В столицу мы въезжали в сумерках, и прикашливающий управляющий сам общался с солдатами на заставе, сам пояснял дорогу к усадьбе и лишь у самых ворот повернулся ко мне.

Опять-таки спасибо вуали – мое остолбенение не так бросается в глаза. Это не дом, это Усадьба. Вот так, с прописной буквы и на Вы. Три этажа, уходящие в небо, колоннада, увенчанная портиком, имперские бело-желтые цвета, крыльцо на пару десятков ступеней, участок земли вокруг. И мы с Петей могли бы здесь жить… Ну не сразу, после определенных событий, и, если бы Петя не был столь общителен с сослуживцами, этот дворец мог бы стать моим. Ближе к пенсии я смогла бы тут гулять, ухаживать за садом, принимать гостей… отстреливаться от революционеров… К черту, пусть все идет, как идет.

Меня подвезли к парадному крыльцу и тут я почувствовала свое полное ничтожество на фоне великолепия ливреи дворецкого и двух лакеев.

– Алексей Трифоныч, это вдова Петра Николаевича, графиня Ксения Александровна. Поживет тут пока. – снедаемый приступами кашля выдавил управляющий.

– Проходите, Ваше Сиятельство, жалость-то какая, что так свиделись. – чопорно ответил почти двухметрового роста жилистый старик.

Мои вещи как-то сами собой исчезли на просторах дома, и я едва успела им вслед попросить не распаковывать пока багаж.

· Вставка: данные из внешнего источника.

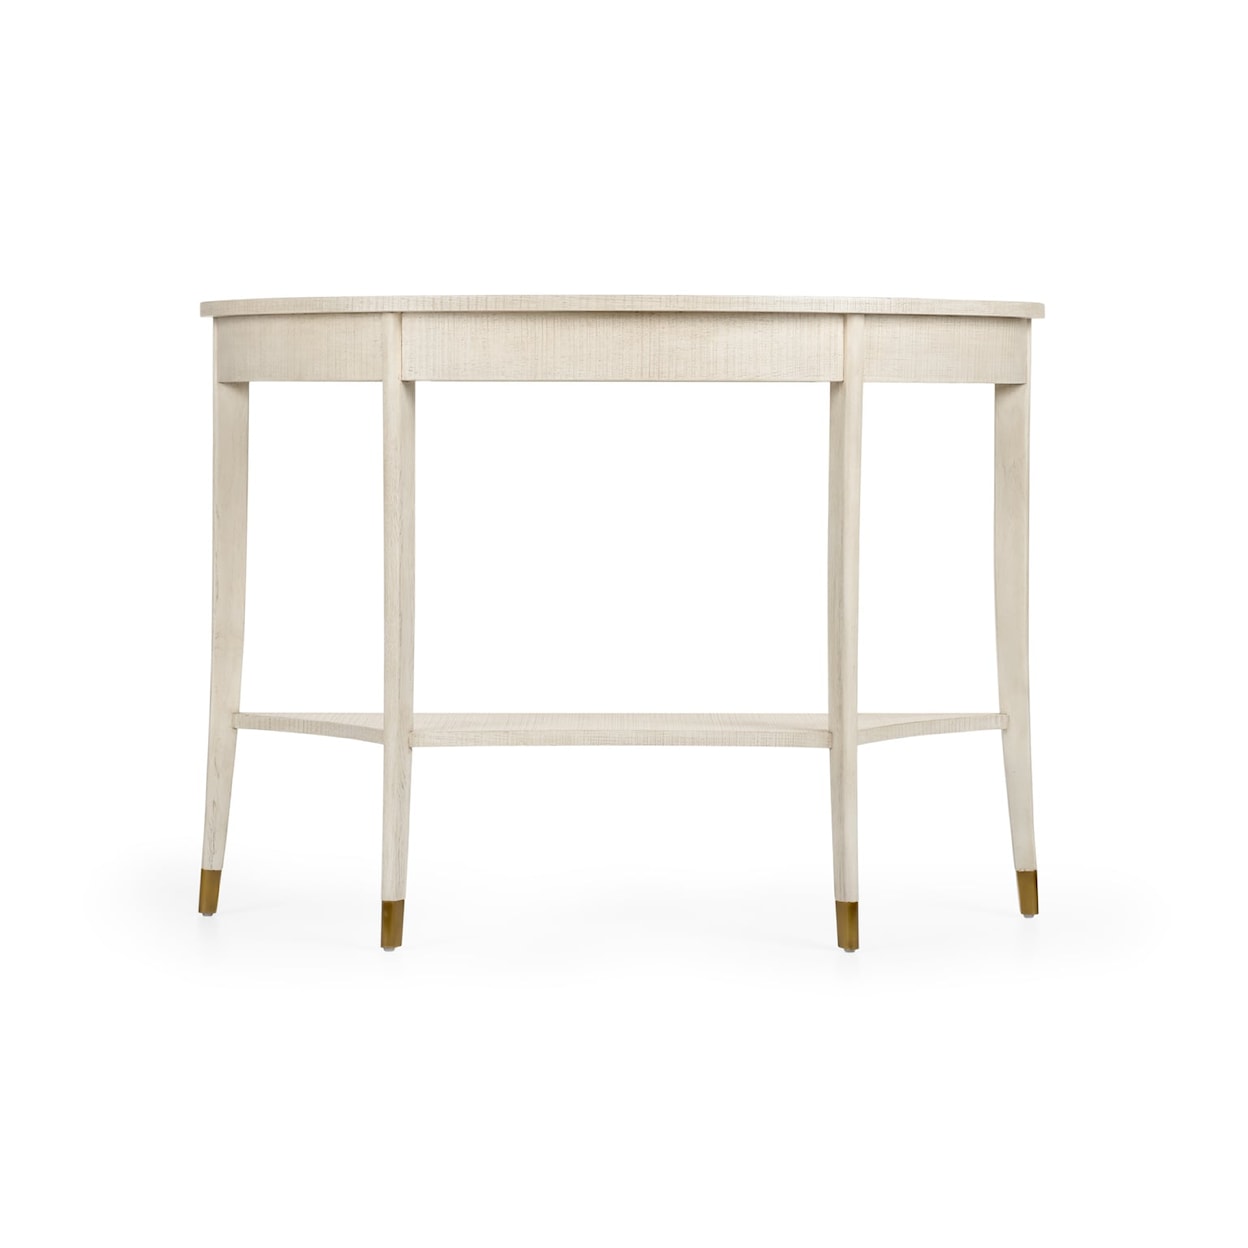 Wildwood Lamps Tables- Console OAKLEE DEMILUNE

Я не буду описывать жилище Татищевых, потому что в мое время так выглядят богатые музеи. Если коротко – то там было все – высоченные потолки, огромные люстры, мраморная лестница с вазонами, столовая человек на 30 – и это лишь Малая, библиотека с этой самой стремянкой, диваны, обитые бархатом, семейные портреты на стенах, камин, куда можно заходить в полный рост. Что ни вспомни из учебника искусствоведения – все есть. Пока только привидения не попадались. Мебель почти вся покрыта чехлами в отсутствие владельцев, так что судорожно обживали помещения только для меня – столовую, библиотеку, спальню (с ванной). Как в фильме ужасов первый ужин – я одна в сумрачной столовой при одном подсвечнике ем пирог. Стол уходит во тьму, но застелен крахмальной хрусткой скатертью с вышитой монограммой Т.

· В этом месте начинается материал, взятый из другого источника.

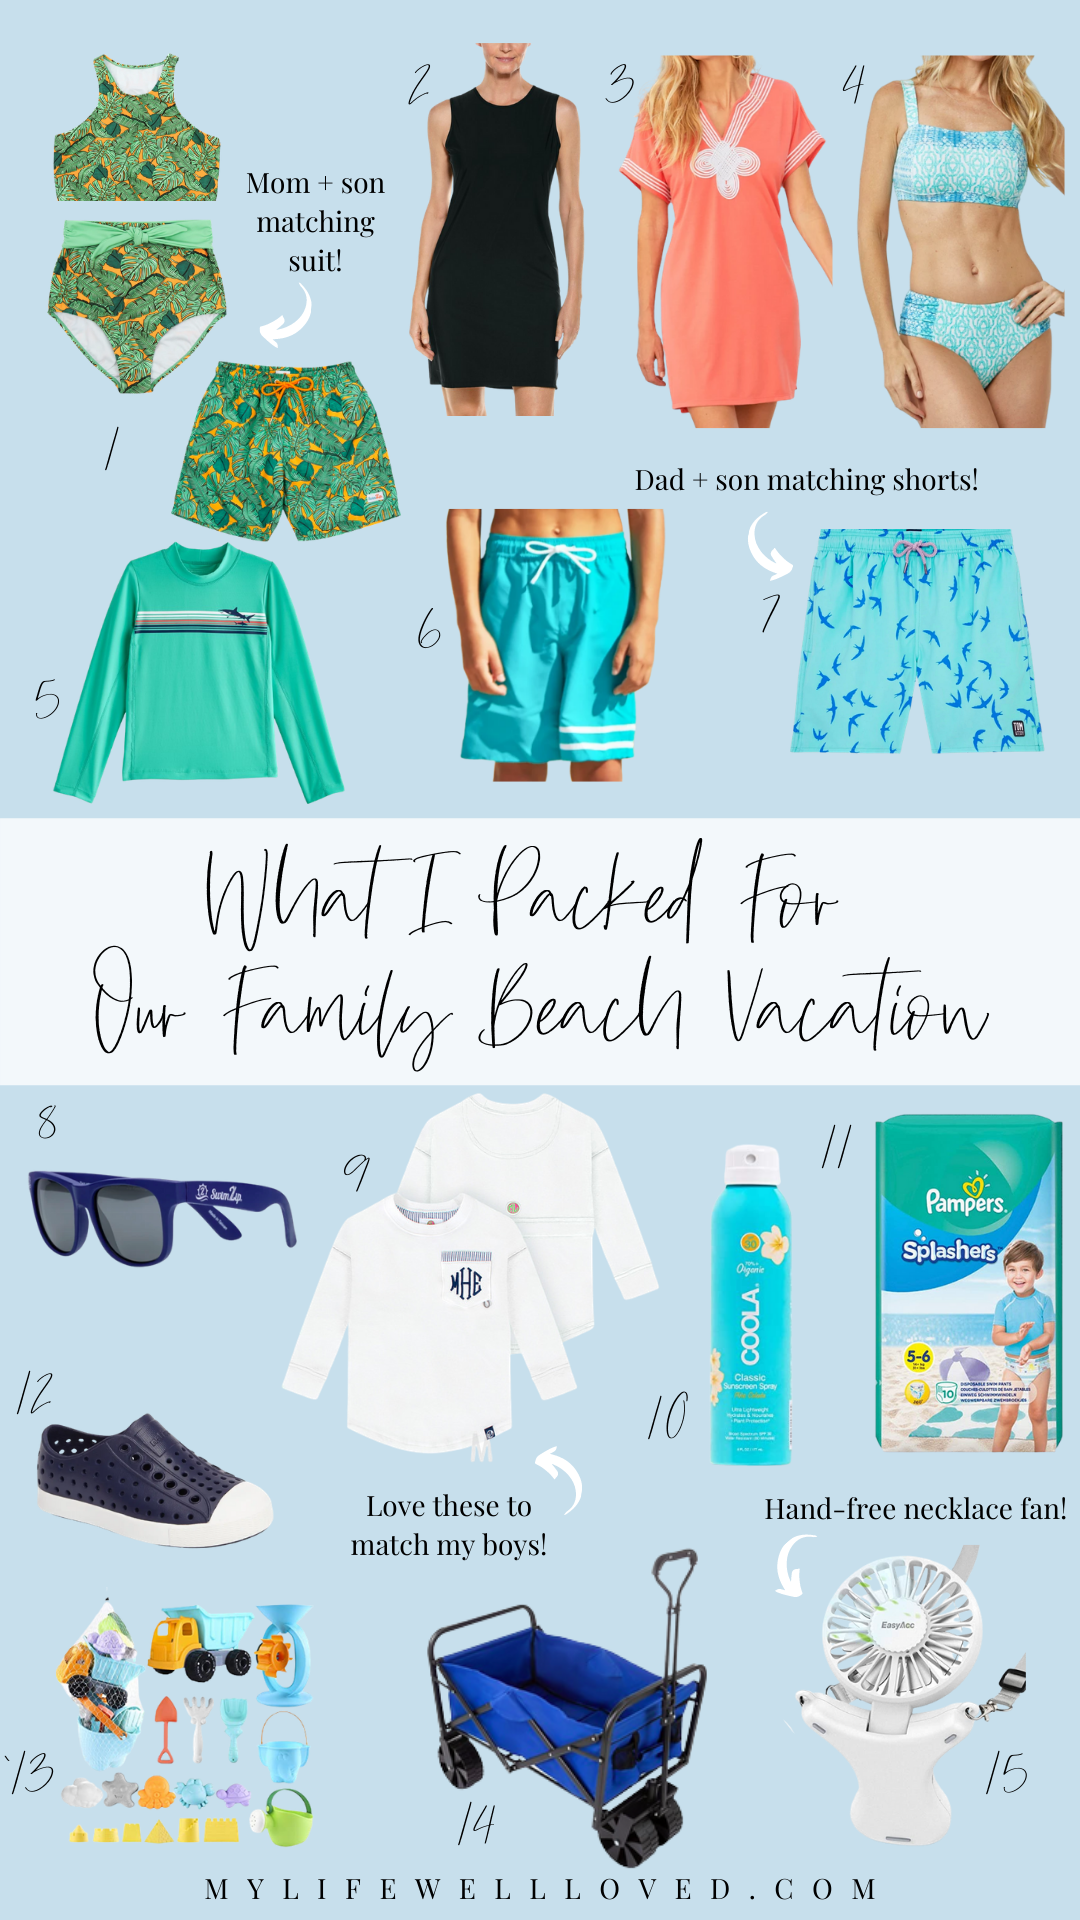 Family Beach Vacation Packing List - Healthy By Heather Brown

Прислуга еще чудесатее, чем в Вичуге. Во-первых, я не понимаю, сколько людей в доме, а дворецкий особо не распространяется. В основном вообще никого не вижу, но иногда слышу шорохи, шаги и тихие разговоры. На меня ходят смотреть экскурсиями, так что самое ценное приходится спрятать в сумочку и все время носить с собой.

* * *

Единственный раз я заслужила некое подобие тепла от Алексея Трифоновича, когда попросила рассказать о портретах. После четвертого комплекта предков я сбилась, и просто шла, и кивала, рассматривая потемневшие лики. В пышных париках, золоченых мундирах, в перьях и бриллиантах. Высокомерные, с гордой выправкой, казалось каждый предок с недоумением и брезгливостью спрашивает: «Кто ты и что тут делаешь? Тебе здесь не место». Но я пять лет в офисе продержалась, какие-то мертвецы уже задеть не смогут.

* * *

Через несколько дней горничные шептались, что Евлогин слег с горячкой и уже не поднялся. И вот стоило это молодой жизни? Прислуга начала поговаривать насчет новой графини, что мужики рядом так и мрут. Лакеи забыли дорогу к моим покоям, а для прогулок стали выделять старого горбатого кучера Мефодия. И я даже не упоминаю, что лошадь явно запомнила Бородинское сражение. Впрочем, это меня явно не касалось, так как в случае чего решать все проблемы кучеру, но сам факт… На улицах иногда попадались трупы лошадей, ибо службу эвакуации с ломовыми тарифами придумали не в двухтысячных.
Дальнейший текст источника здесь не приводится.